World

Jackie Kennedy tapes reveal personal side

Audiotapes set to be released Wednesday offer fresh insight into the life and personality of Jacqueline Kennedy, the former president's wife who had a unique vantage point on many seminal historical events from the 1960s, including the Cuban Missile Crisis.

Audiotapes set to be released Wednesday offer fresh insight into the life and personality of Jacqueline Kennedy, the former president's wife who had a unique vantage point on many seminal historical events from the 1960s, including the Cuban Missile Crisis.

The eight hours of recordings were created in 1964, when Kennedy sat down with historian and former White House aide Arthur Schlesinger Jr. mere months after the assassination of her husband, John F. Kennedy, on Nov. 22, 1963.

They were set to be released 50 years after her death, but her daughter, Caroline Kennedy, decided to make them public now.

The recordings reveal a side of her only friends and family knew — funny and inquisitive, canny and cutting.

The tapes are set to be released with the new book Jacqueline Kennedy: Historic Conversations on Life With John F. Kennedy.

The book is part of a celebration of the 50th anniversary of Kennedy's first year in office. Jacqueline Kennedy died in 1994, and Schlesinger in 2007.

At the time, the former president's wife was not yet the jet-setting celebrity of the late 1960s or the literary editor of the 1970s and 1980s. But she was also nothing like the soft-spoken fashion icon of the three previous years.

She was in her mid-30s, recently widowed, but dry-eyed and determined to set down her thoughts for history.

'Please don't send me to Camp David'

During one conversation, Kennedy recounts how she was unwilling to leave her husband during the Cuban Missile Crisis, despite the danger to herself and her family.

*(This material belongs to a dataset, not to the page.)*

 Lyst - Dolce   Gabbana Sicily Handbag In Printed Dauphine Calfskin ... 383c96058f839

"I said, ‘Please don’t send me away to Camp David, me and the children. Please don’t send me anywhere, if anything happens we’re all just going to stay right here with you,’" she says in the tapes.

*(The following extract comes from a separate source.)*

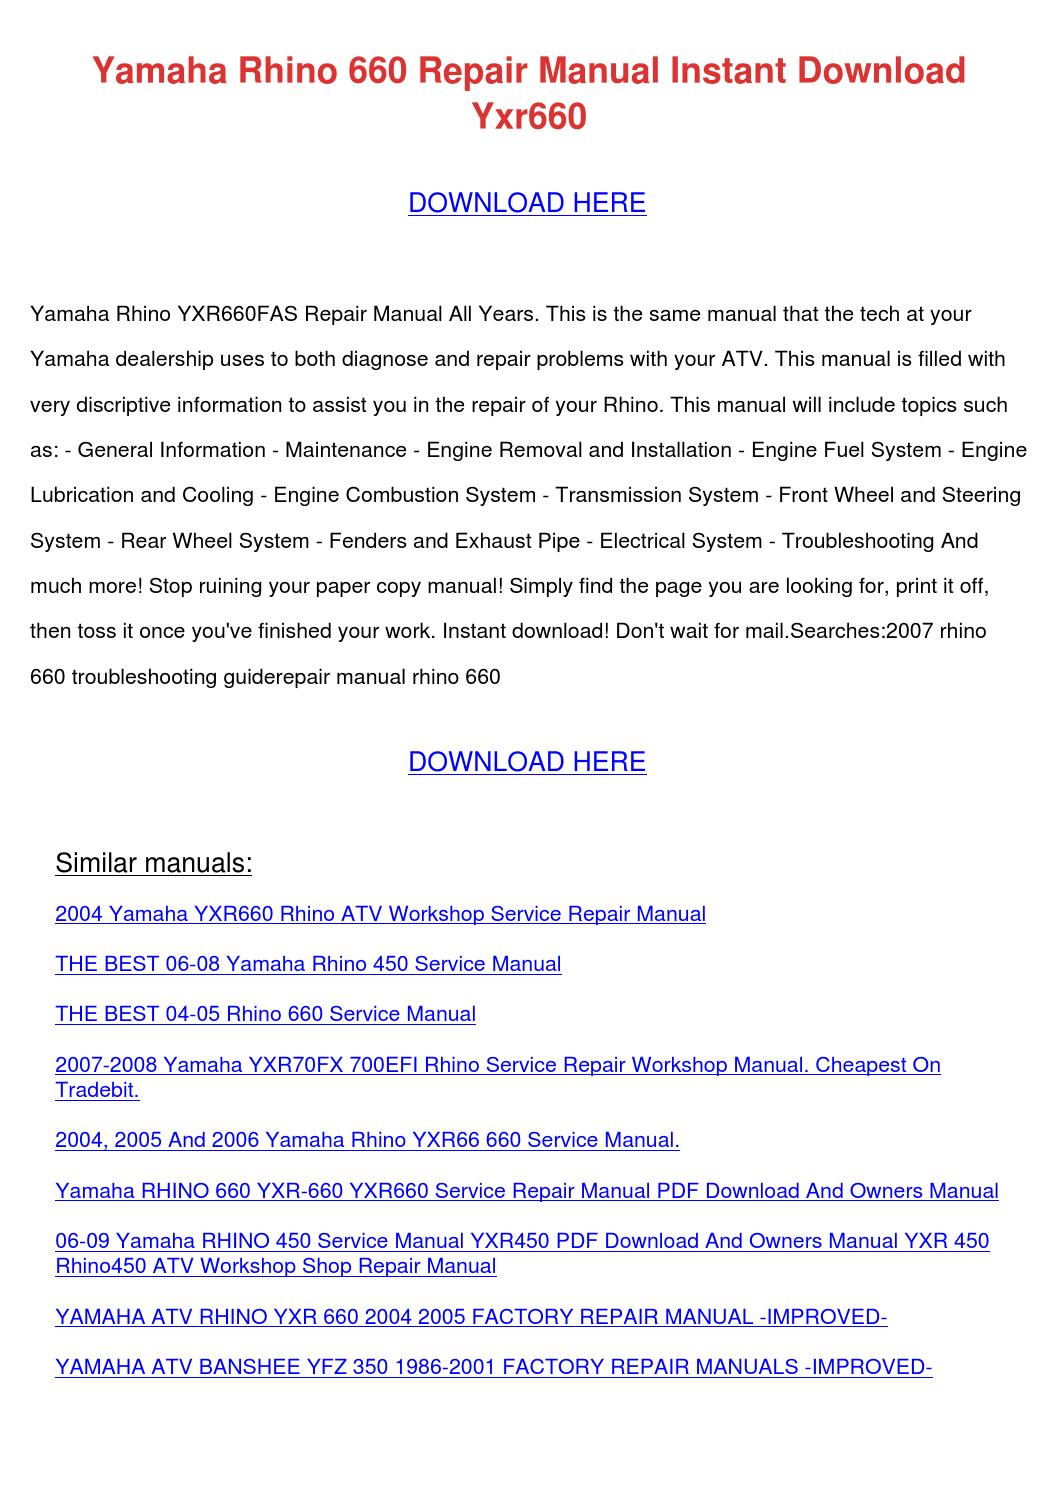 Yamaha Rhino 660 Repair Manual Instant Downlo by ShanonSamples - issuu

In another exchange with Schlesinger, she describes how her style drew criticism from the press. She was fashionable; she challenged the notion of what an American housewife should be; and she spoke French, which was regarded at the time as a liability.

"I was never any different once I was in the White House than I was before, but the press made you different," she said, adding that she was expected to "bake bread with flour up to [her] arms."

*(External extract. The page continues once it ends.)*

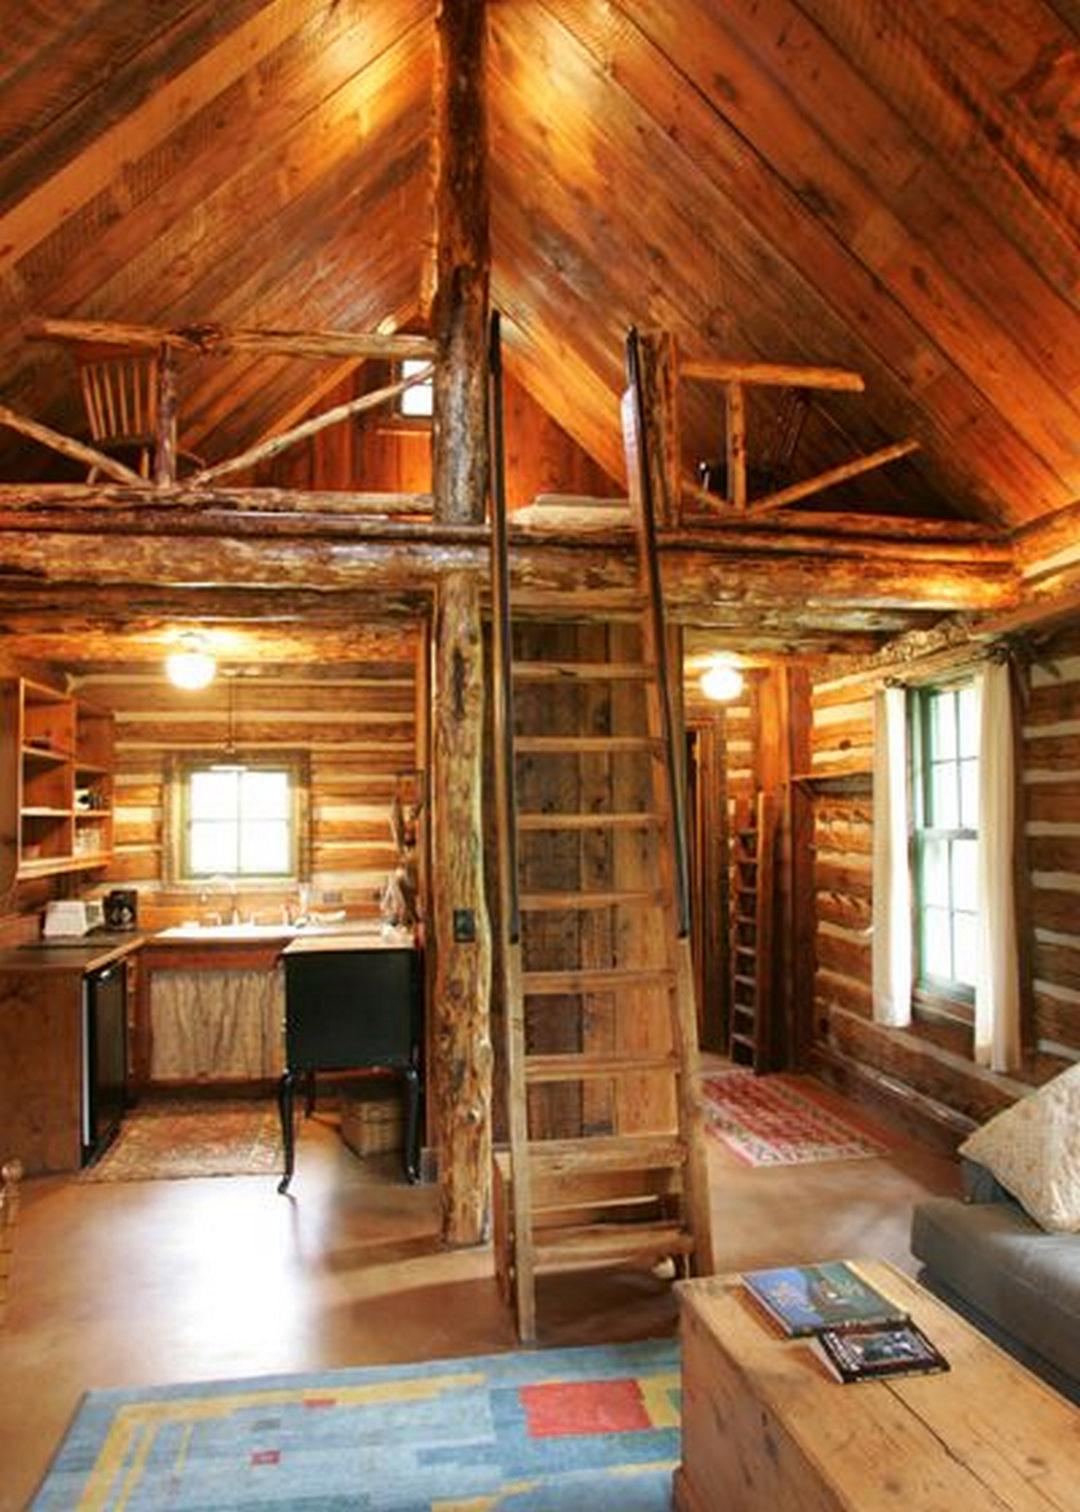 49 Gorgeous Rustic Cabin Interior Ideas | Gorgeous ...

"You know everyone thought I was a snob and hated politics," she said. "Well Jack never made me feel like I was a liability to him, but I was."

She also offers insight into JFK, saying he wept openly over world events, particularly the failed Bay of Pigs invasion.

Jackie Kennedy also describes some world leaders in unflattering terms.

She says Indira Gandhi, who was elected India’s prime minister in 1966, was "pushy" and "bitter." Charles de Gaulle was an "egomaniac." And Martin Luther King Jr. was phoney, according to Kennedy.

She was especially hard on Lyndon Johnson, who had competed bitterly with her husband for the presidency in 1960.

There are no spectacular revelations in the Schlesinger discussions and virtually nothing about JFK's assassination. Kennedy's health problems and his extramarital affairs were still years from public knowledge and from the knowledge of aides such as Schlesinger.